Con il gesto di legare le mani dei nubendi, gli Antichi Celti ottenevano la benedizione dallo spirito della Terra. Il rito diventava così un modo per esaltare un sentimento che di per sé è naturale e appartiene alla natura!
Il ricevimento si è svolto nel piccolo e intimo albergo
L’incontro con Alice e Alessandro è stato un viaggio vero e proprio, sia emozionale che fisico e ritrovare dopo mesi di progettazione tutti i dettagli (dall’invito, al segnaposto, dalle bomboniere con il bulbo e un ciondolo realizzato con le pietre verdi tipiche dell’isola,dal menù al cake topper ecc) pensati per l’evento, in un luogo così incantevole è stato a dir poco magico.

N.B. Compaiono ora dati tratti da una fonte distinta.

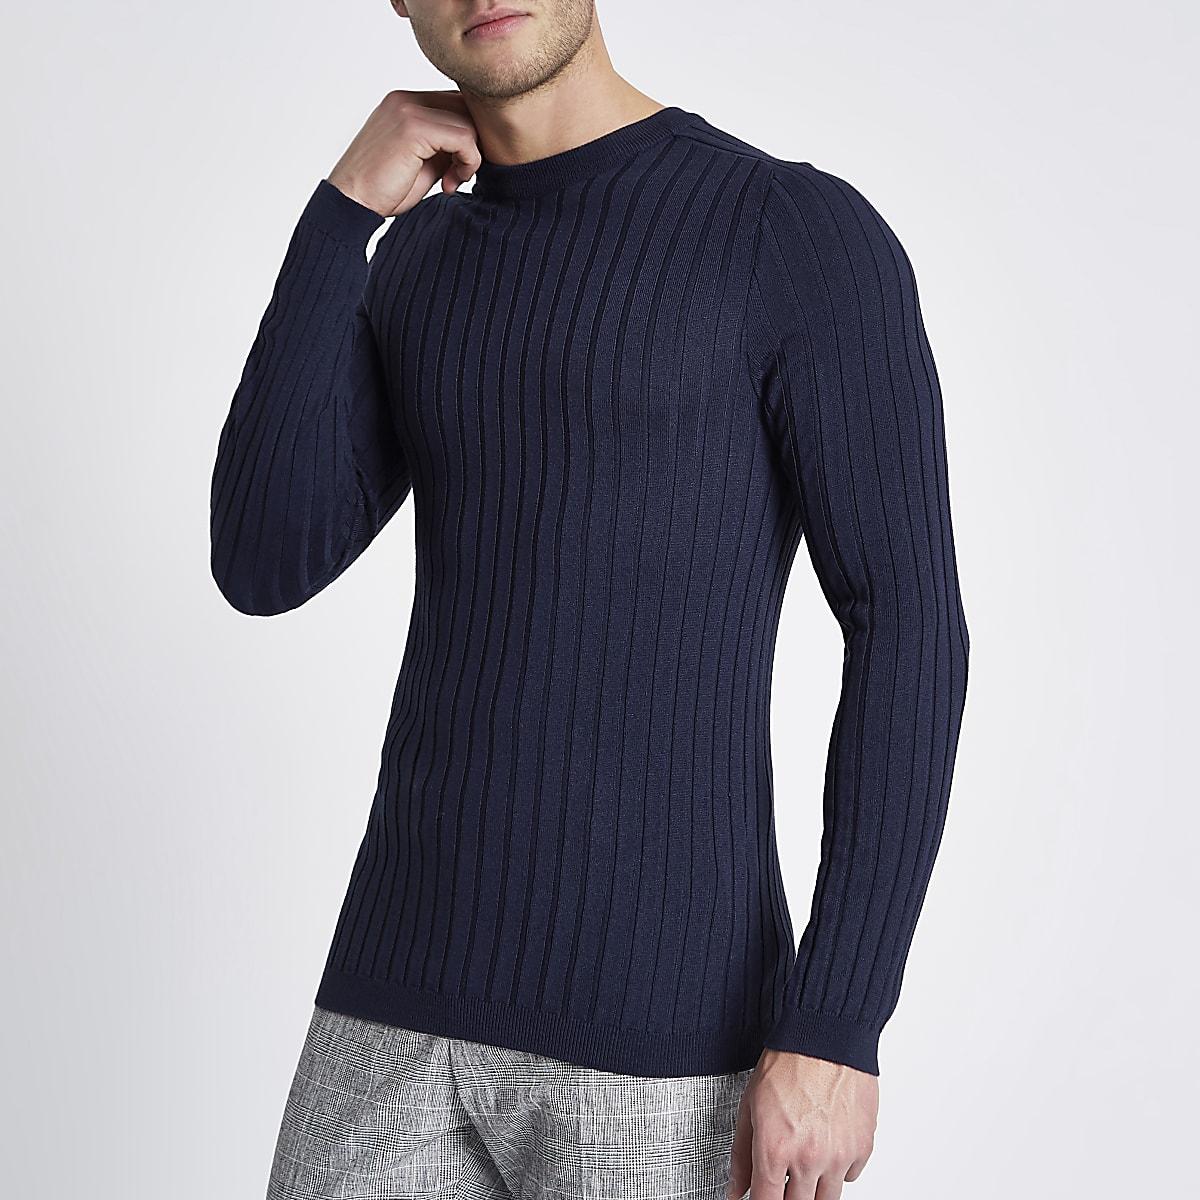 Blue rib knit muscle fit crew neck jumper

Scegliere, per l’ articolo del blog , tra le tantissime e stupend e foto firmate dalla fotografa Luisa Raimondi, quale dovessero raccontare quello che abbiamo vissuto è stato compito arduo. E’ così che abbiamo deciso di inserirne molte di più di quelle che abitualmente scegliamo,ci siamo dette “ma sì questa volta ancora di più vale il nostro mantra ,poche parole e tante foto”:)
IONA, l’isola sacra, va visitata almeno una volta nella vita …..grazie Alice e Alessandro,siete stati voi ,scegliendoci, a regalarci un dono più unico che raro!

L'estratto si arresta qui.